PROVIDED MATERIAL:
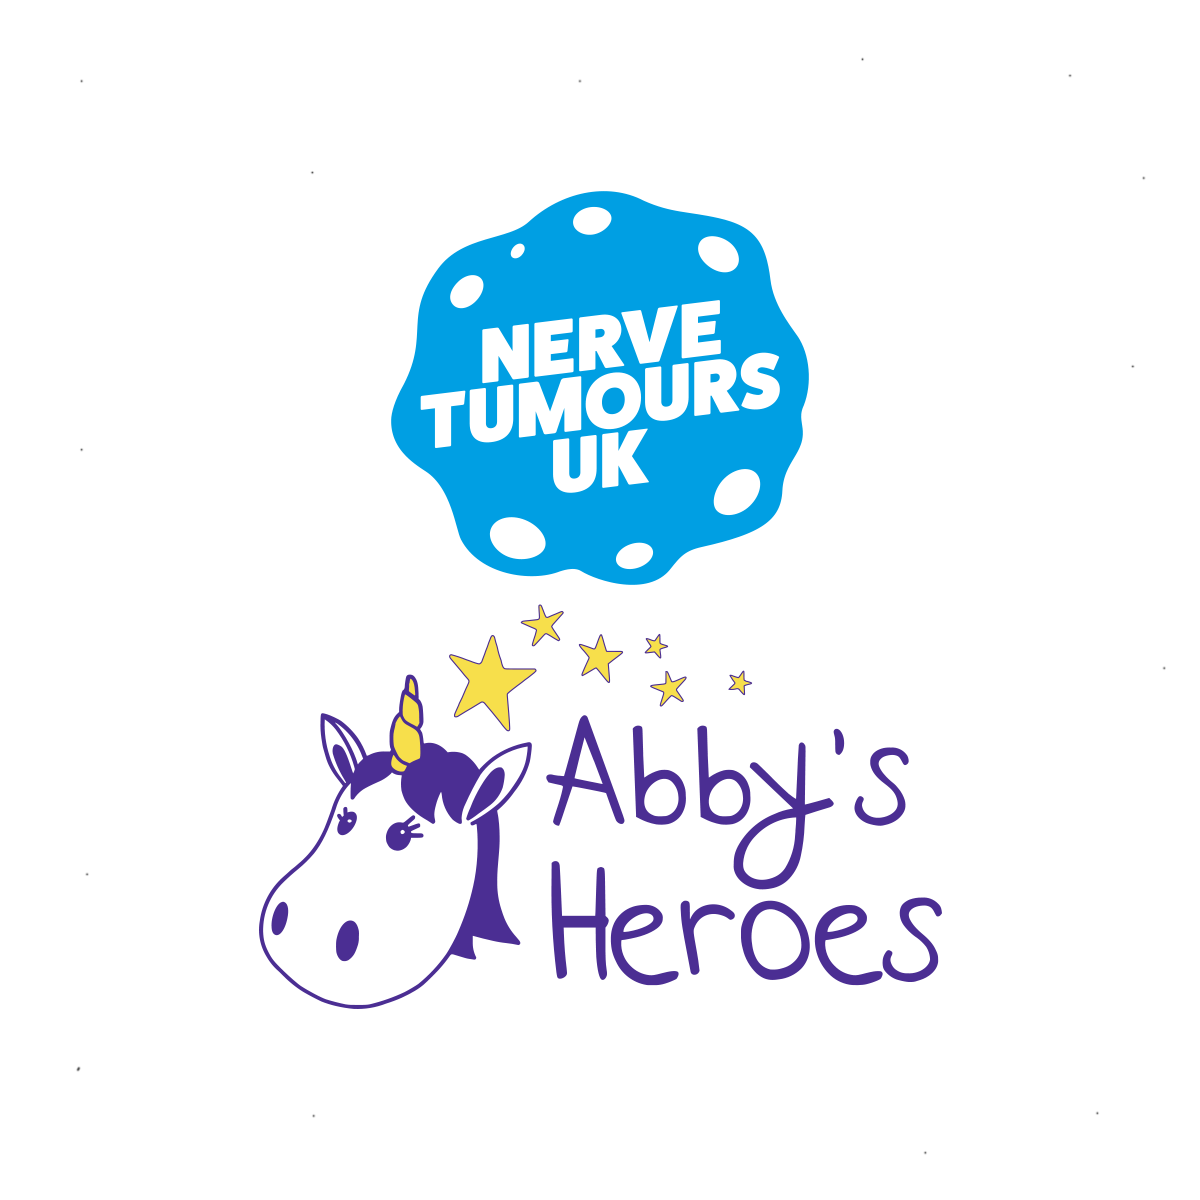 Nerve Tumours and Abby's Heroes company organisation logos.
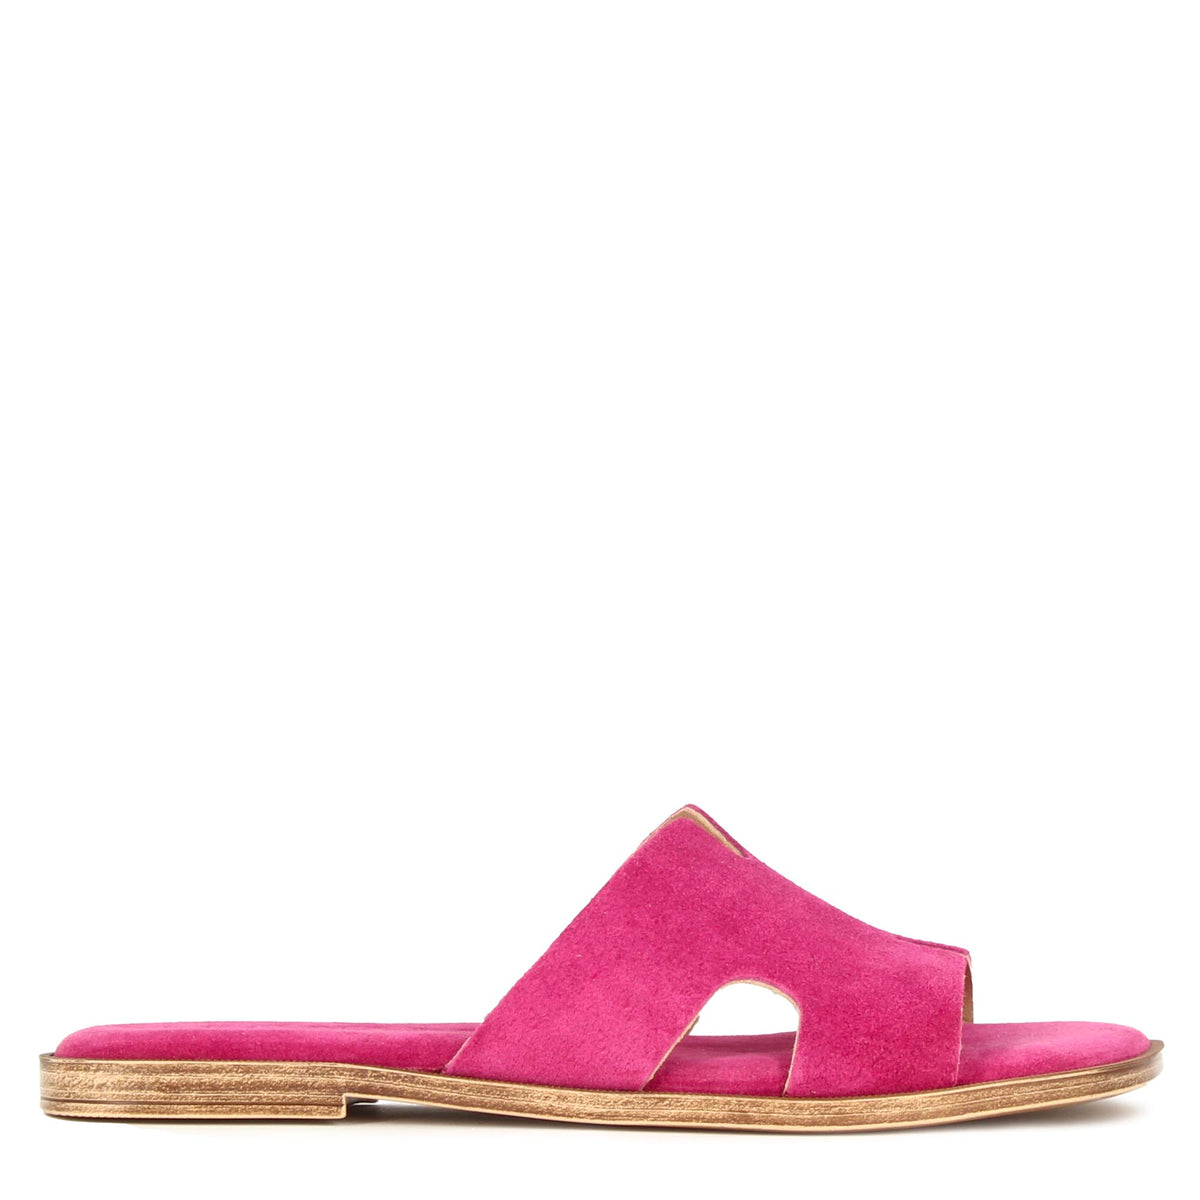 Women's slippers in pink suede leather
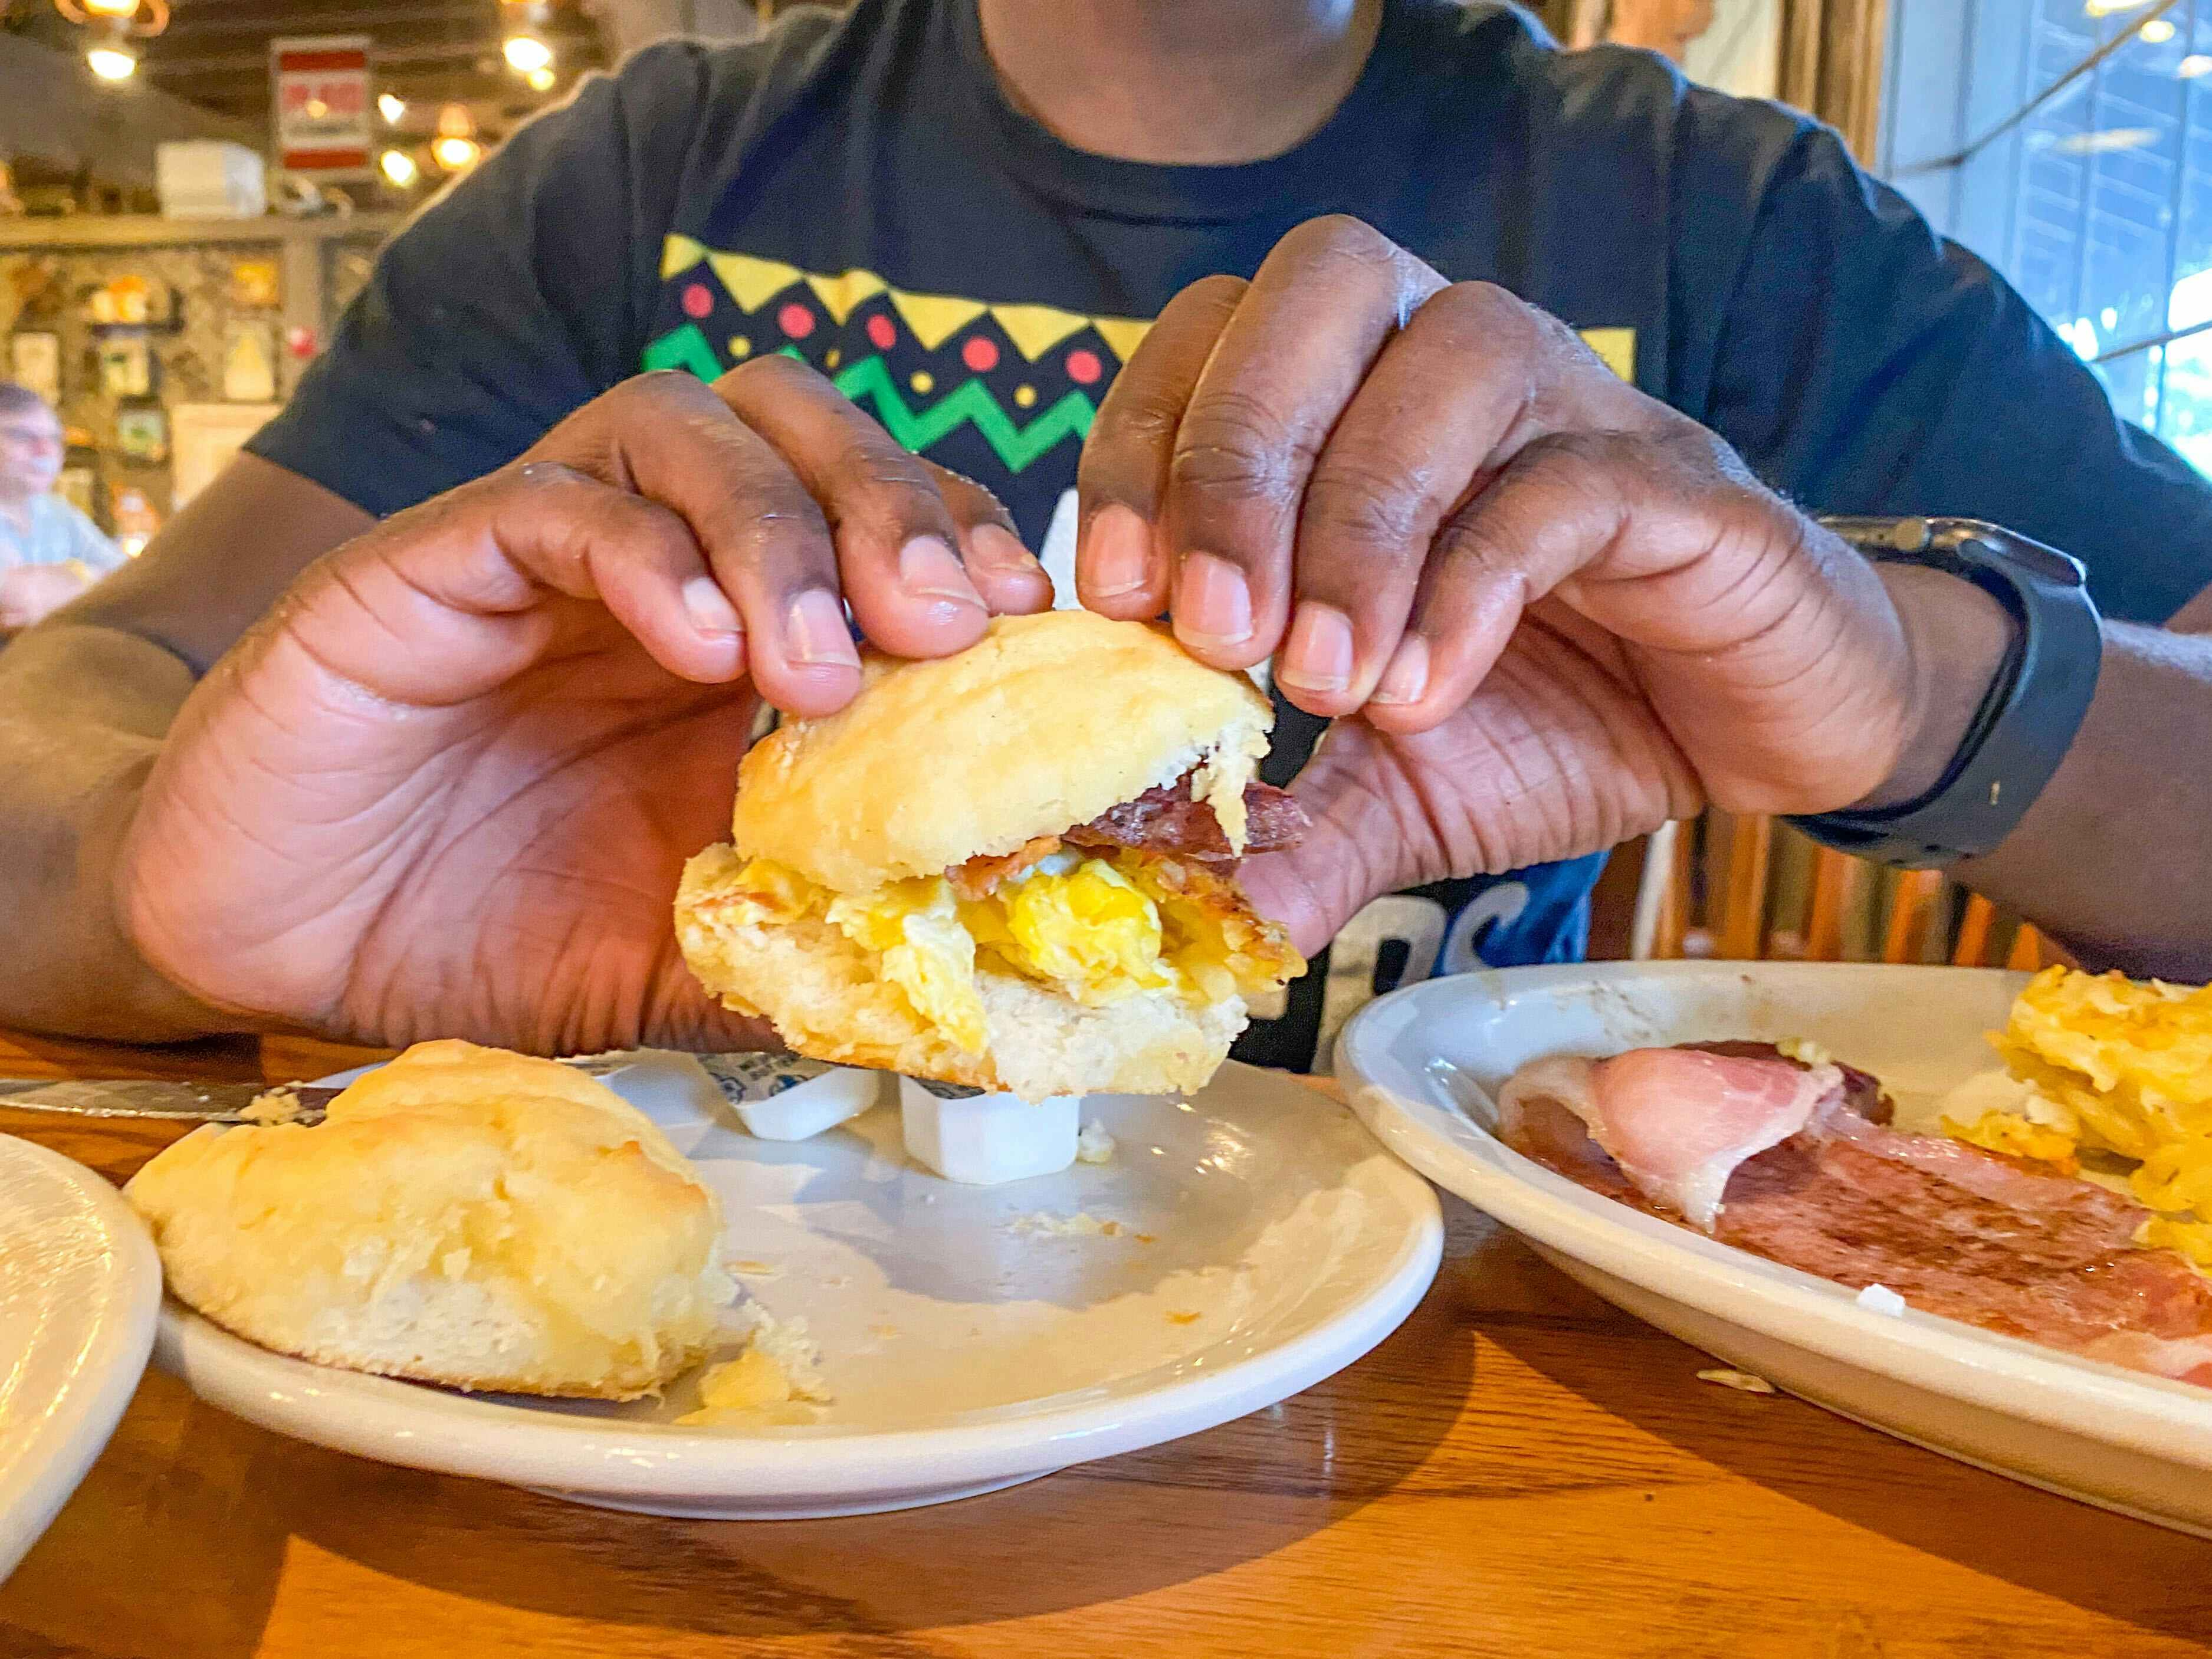 A person holding a breakfast sandwich above a plate on a table at Cracker Barrel.

WORK TASK: For this exercise, transcribe the data above line by line, exactly, with pictures omitted.

ANSWER SECTION:
 Nerve Tumours and Abby's Heroes company organisation logos.
 Women's slippers in pink suede leather
 A person holding a breakfast sandwich above a plate on a table at Cracker Barrel.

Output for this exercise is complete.